Ben Masters, a wildlife biologist and filmmaker, knows what’s at stake better than most. The lifelong Texan recently took a 3-month horse-and-canoe trip down 1,200 miles of the Rio Grande river that makes up the U.S.-Mexican border to document the natural scenery before a wall cuts off its viewshed entirely. Wildlife and the Wall, his new short film on the journey, debuted at Telluride Mountainfilm earlier this year.

“I was thinking some of the sights I saw might be the last time anyone ever saw them,” he says. If plans for the border wall actually go through, “these could be the last photos that exist of those landscapes before a 30-foot wall is obstructing them.” The topographical magnitude of the terrain comes across in the film, which juxtaposes gorgeous landscape shots with cheering, whooping crowds from the political rallies where President Trump pushed his border plan.

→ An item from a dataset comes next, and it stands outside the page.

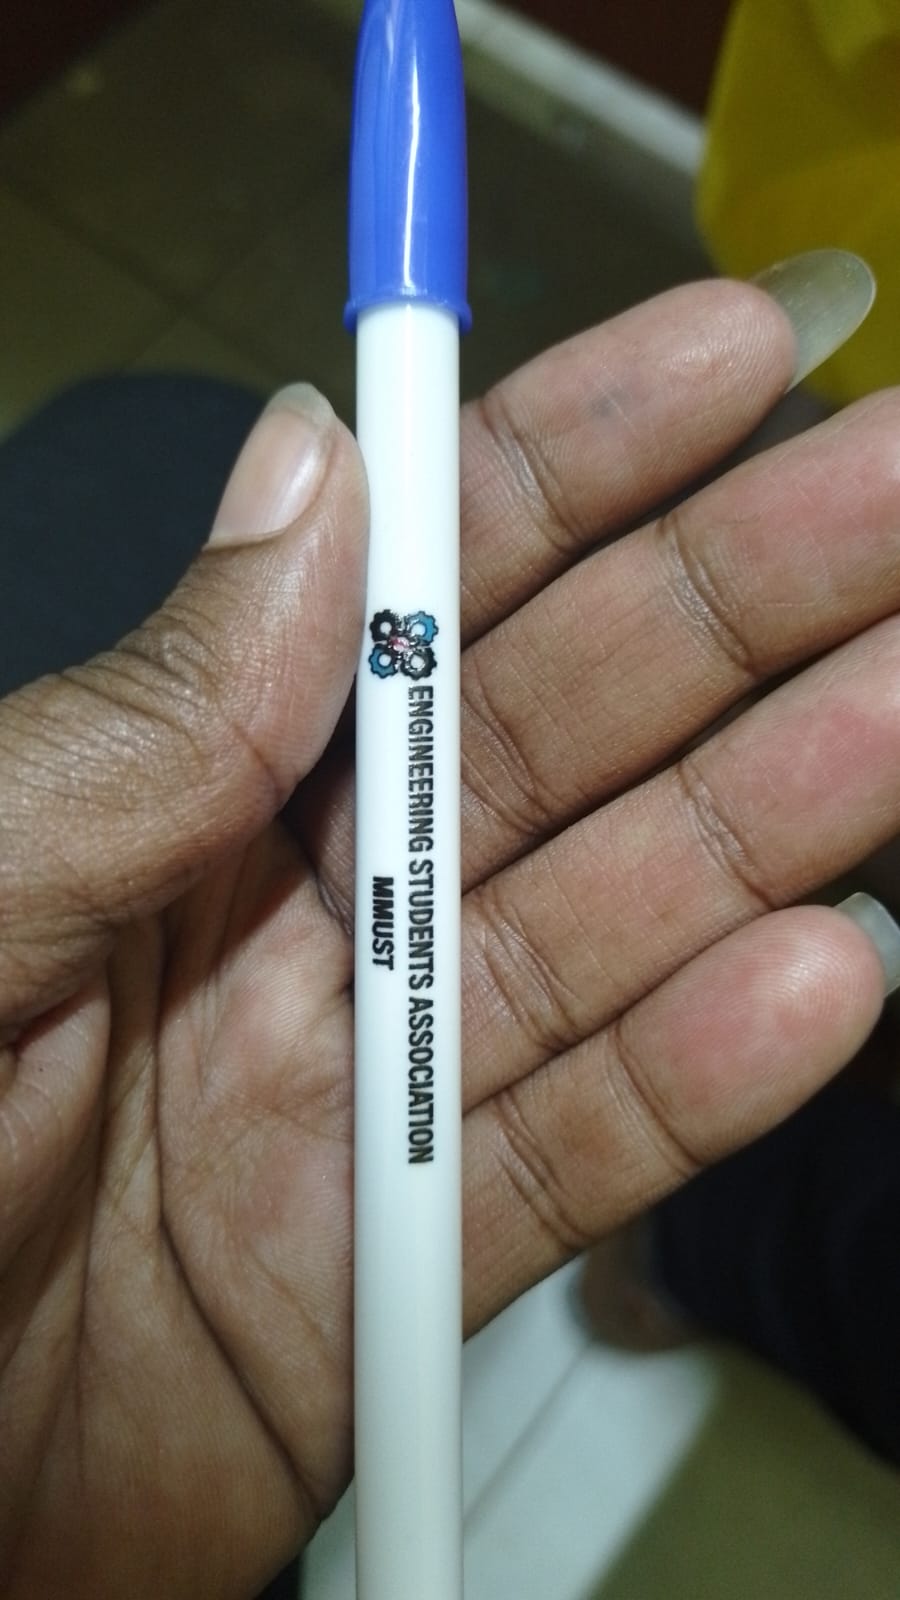 Bic pen branding

There’s little doubt that the impact of the border wall on wildlife would be severe. Last year, the Center for Biological Diversity released a study citing 93 endangered species that the wall would threaten. The head-ramming sheep in Masters’s film compete with other males for breeding rights in this region. Black bears, previously extirpated in West Texas, have naturally recolonized the U.S. side of the border, a rare feat for megafauna without human intervention. In addition to cutting off a crucial water source for all animals, the border wall would block any chance of future dispersal of these black bears and leave the small Texas population genetically isolated, unable to sustain itself.

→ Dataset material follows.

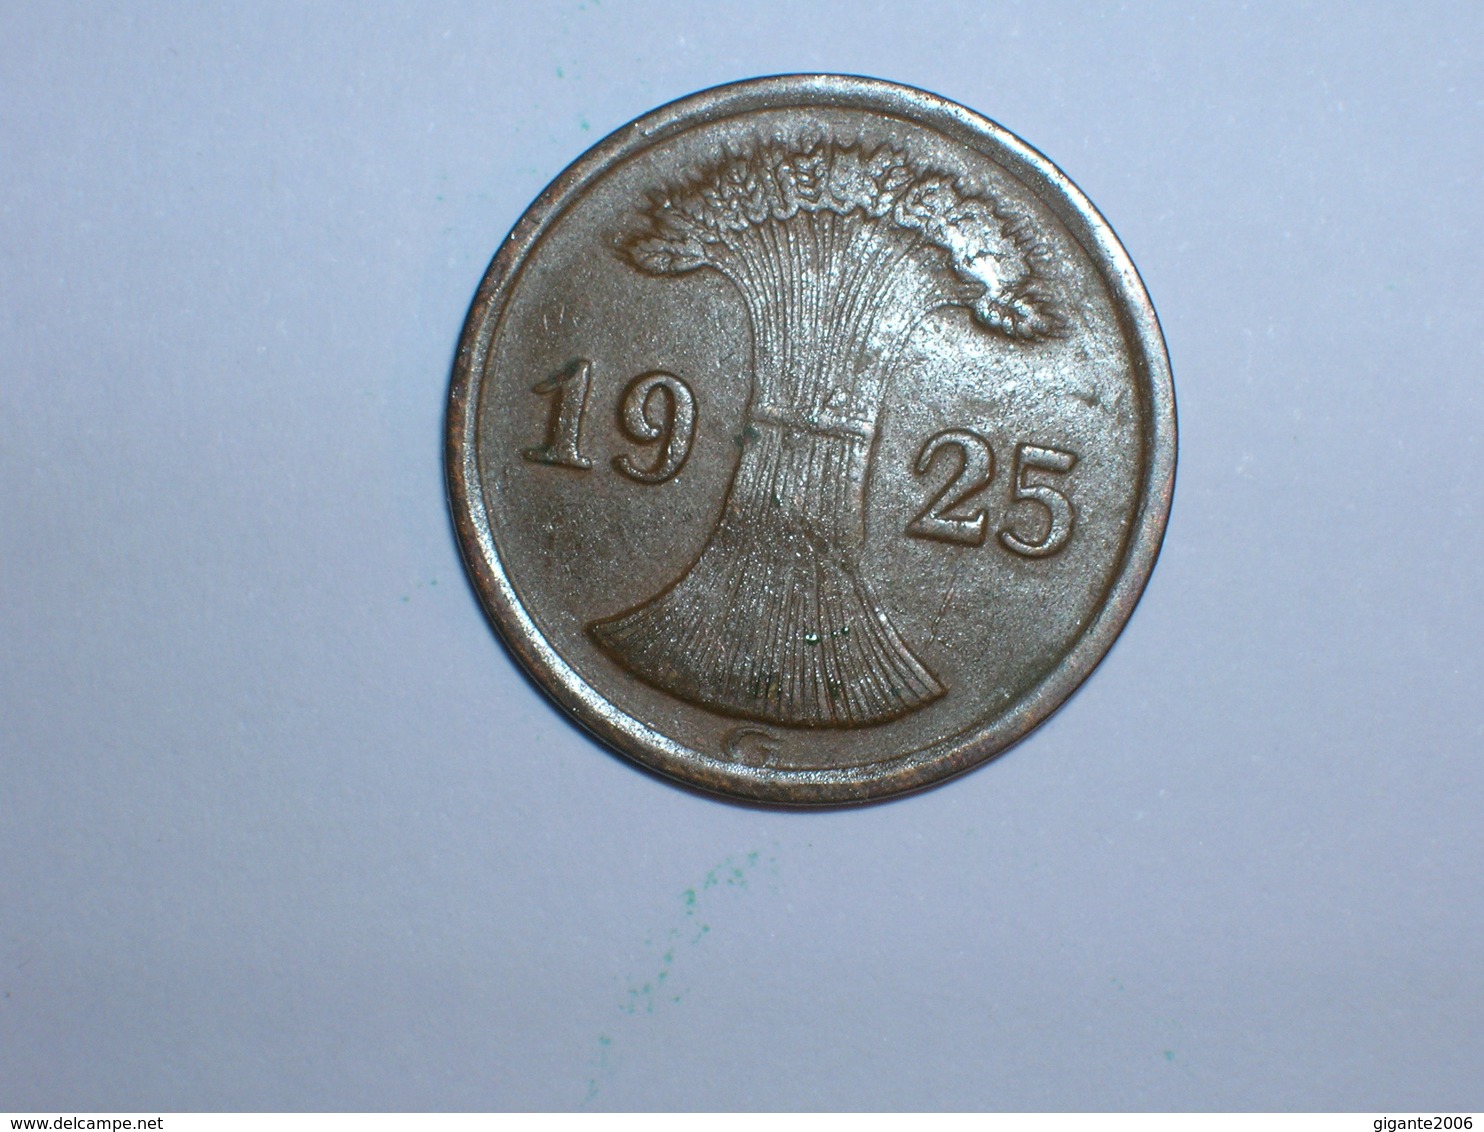 ALEMANIA 1 REICHPFENNIG 1925 G (1171) - 2 Rentenpfennig & 2 Reichspfennig

“In the past, populations have only been separated by mountain ranges or changes in the oceans,” Masters says. “A thousand-mile wall would halt all terrestrial movement of life on a continental scale, which is almost unprecedented in human land use.”

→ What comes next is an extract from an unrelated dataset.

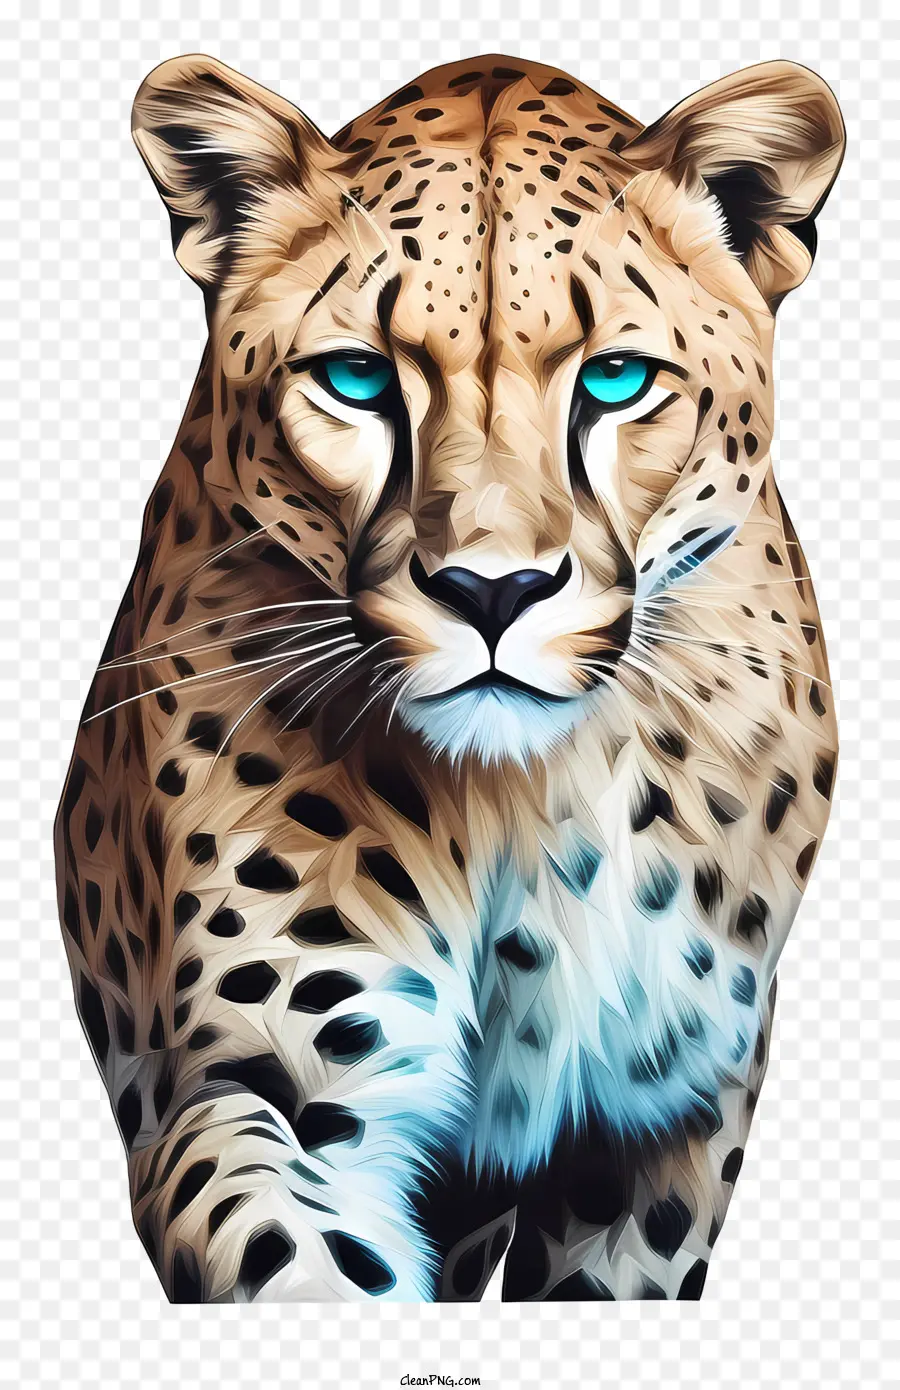 Leopardenblaue Augen Hinterbeine fleckten Pelzmund offen - Leopard mit blauen Augen, die auf Hinterbeinen stehen

Due to the rugged landscape, parts of the wall would have to be built several miles north of the actual border, leaving millions of acres of inaccessible no-man’s land within American territory. The Bentsen-Rio Grande Valley State Park is a destination for world-class birding, with more than 500 documented species ranging from Mexican ducks and blue-winged teals to more than a dozen varieties of kite and hawk. The planned wall would cut right through the heart of the reserve, disrupting both wildlife and human visitors

“I wish that everybody who wanted to build an actual, physical wall could come and see this place first, because I think that if they came and saw it, and realized what the wall would go through and what it would do, it would have a profound impact on their way of thinking,” Masters says toward the end of his film. And after seeing a snippet of the terrain that makes up the border, viewers may find it hard to disagree.